* **Data excerpts**

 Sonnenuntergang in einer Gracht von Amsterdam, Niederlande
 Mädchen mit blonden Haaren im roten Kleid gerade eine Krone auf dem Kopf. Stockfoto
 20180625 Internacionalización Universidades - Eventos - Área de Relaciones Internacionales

--

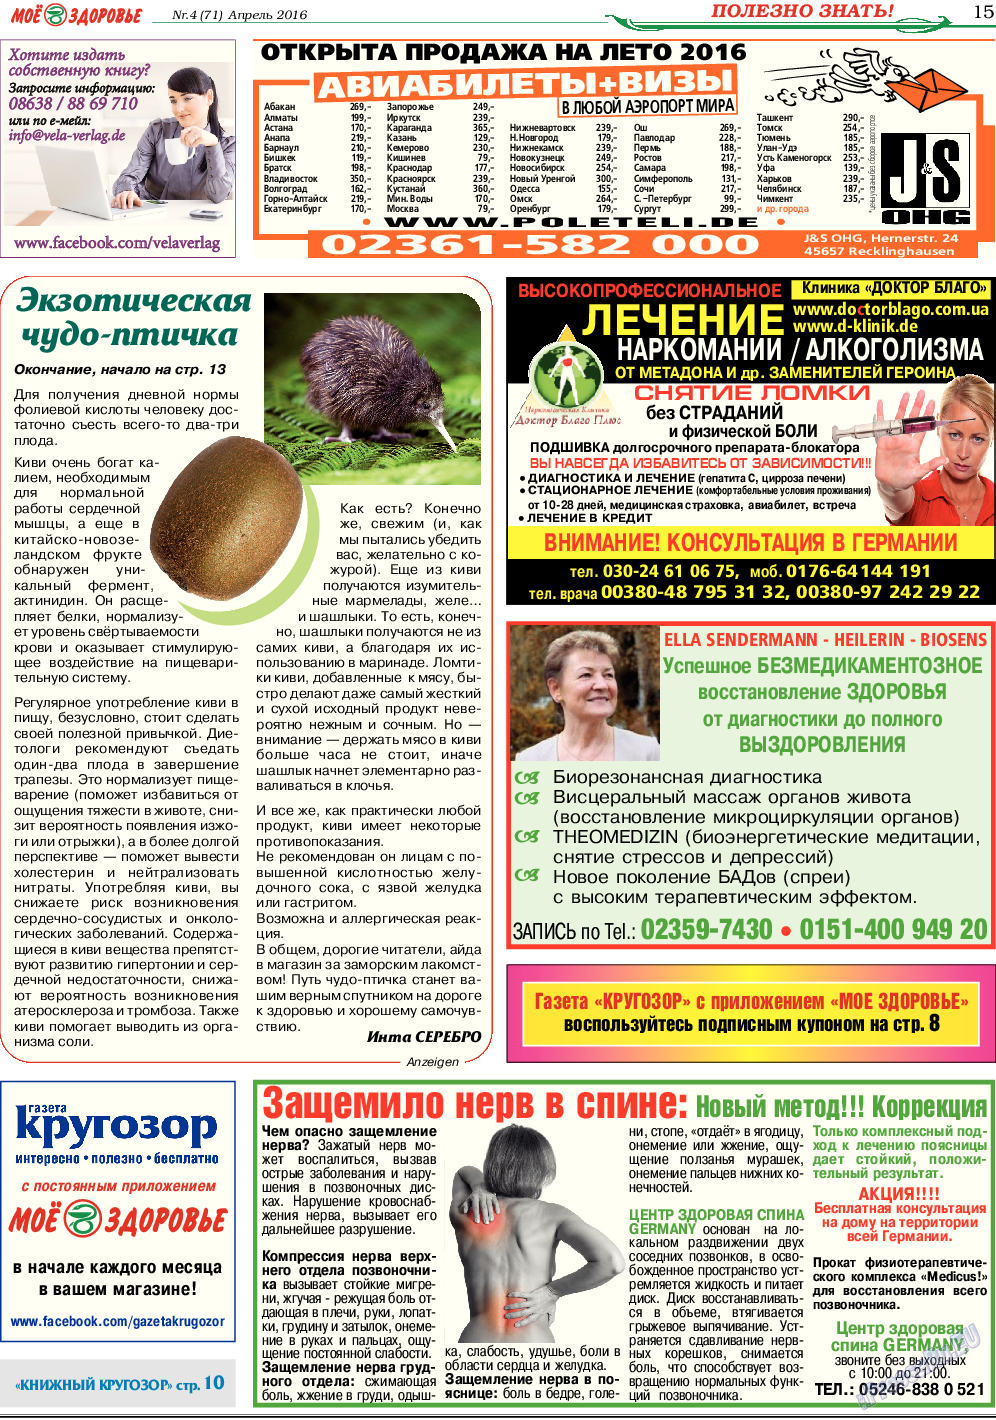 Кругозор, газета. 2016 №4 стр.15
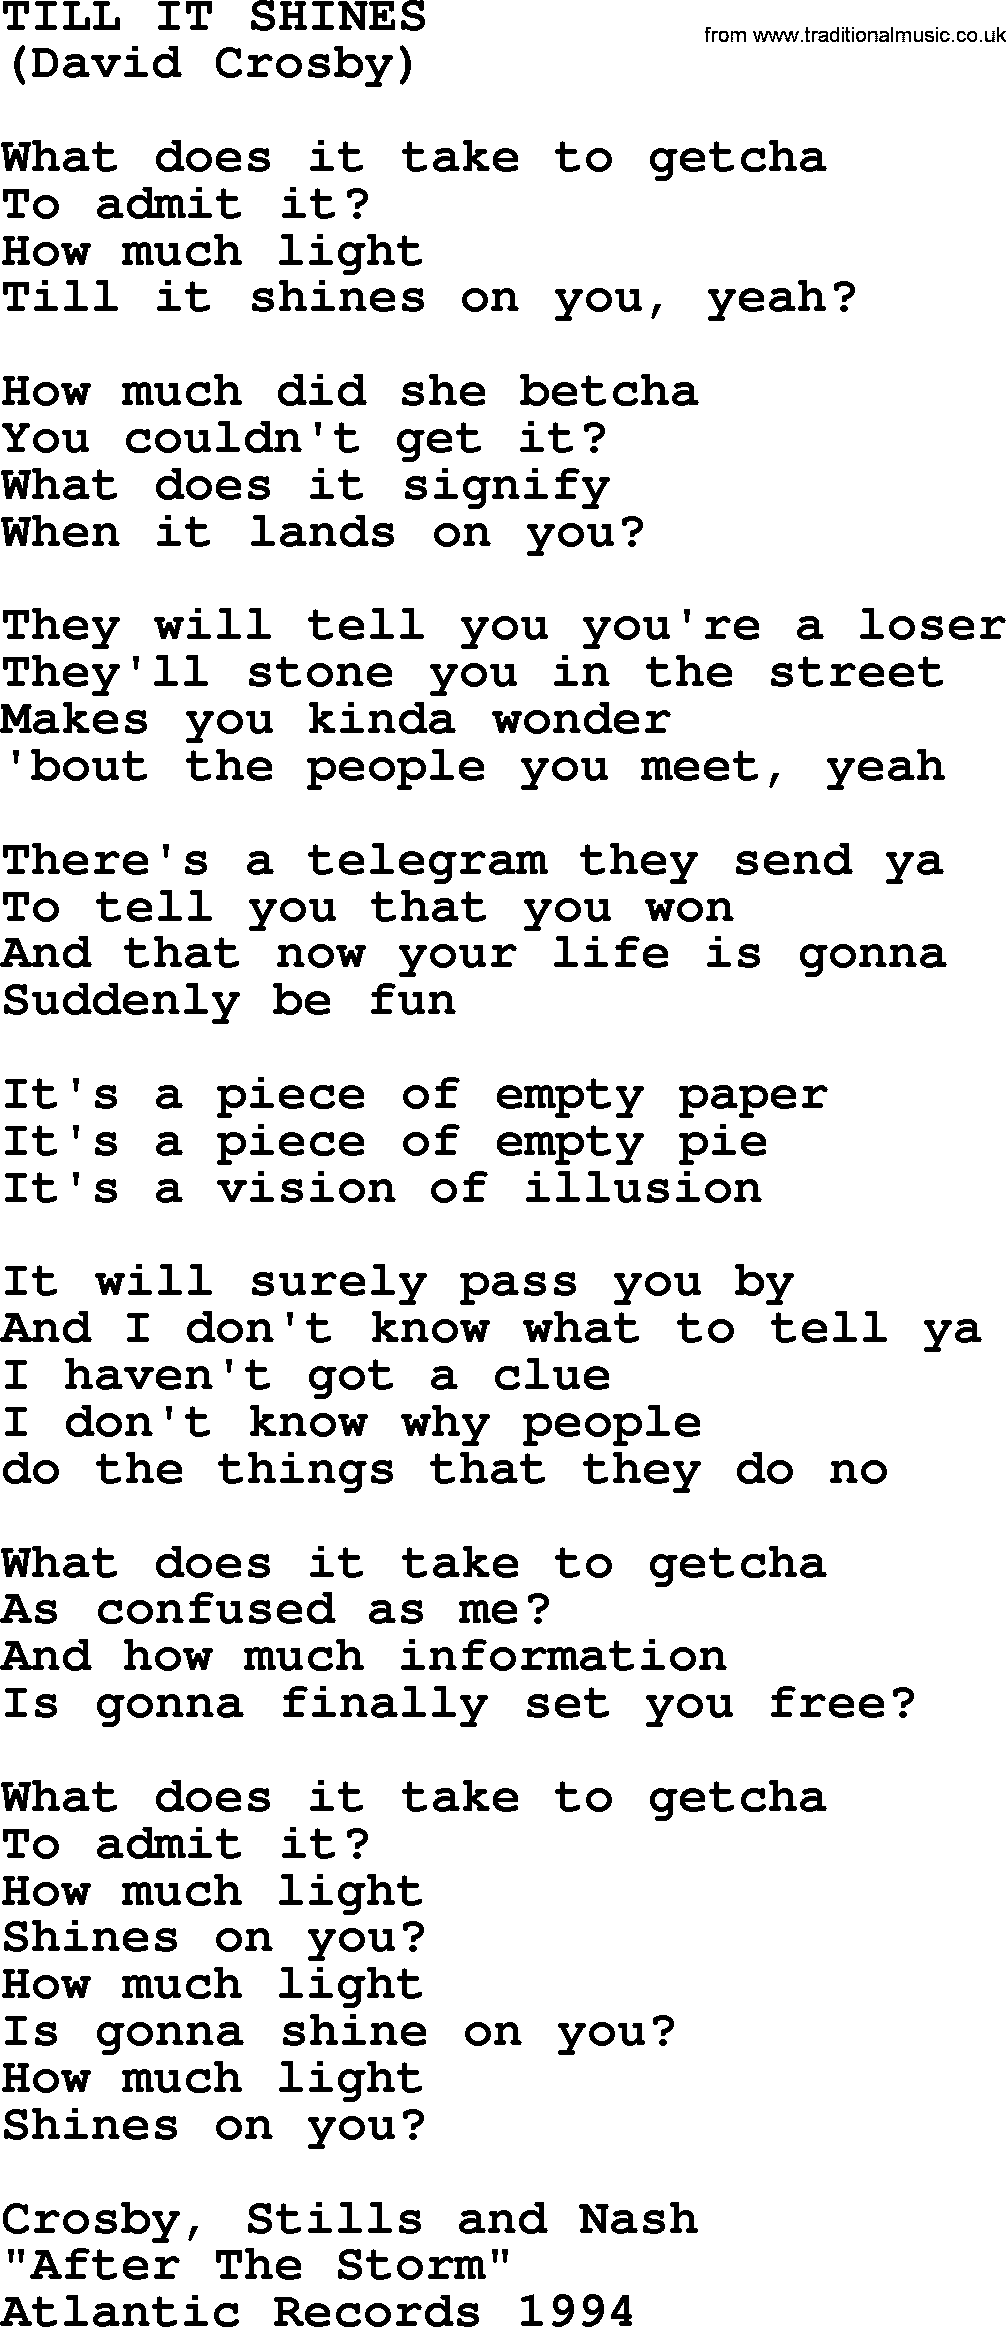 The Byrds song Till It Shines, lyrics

* **Work order**
Write down again, exactly as given, only the lines above that fall from the line with "Sonnenuntergang in einer" to the line with "20180625 Internacionalización Universidades", inclusive.

* **Final answer**
 Sonnenuntergang in einer Gracht von Amsterdam, Niederlande
 Mädchen mit blonden Haaren im roten Kleid gerade eine Krone auf dem Kopf. Stockfoto
 20180625 Internacionalización Universidades - Eventos - Área de Relaciones Internacionales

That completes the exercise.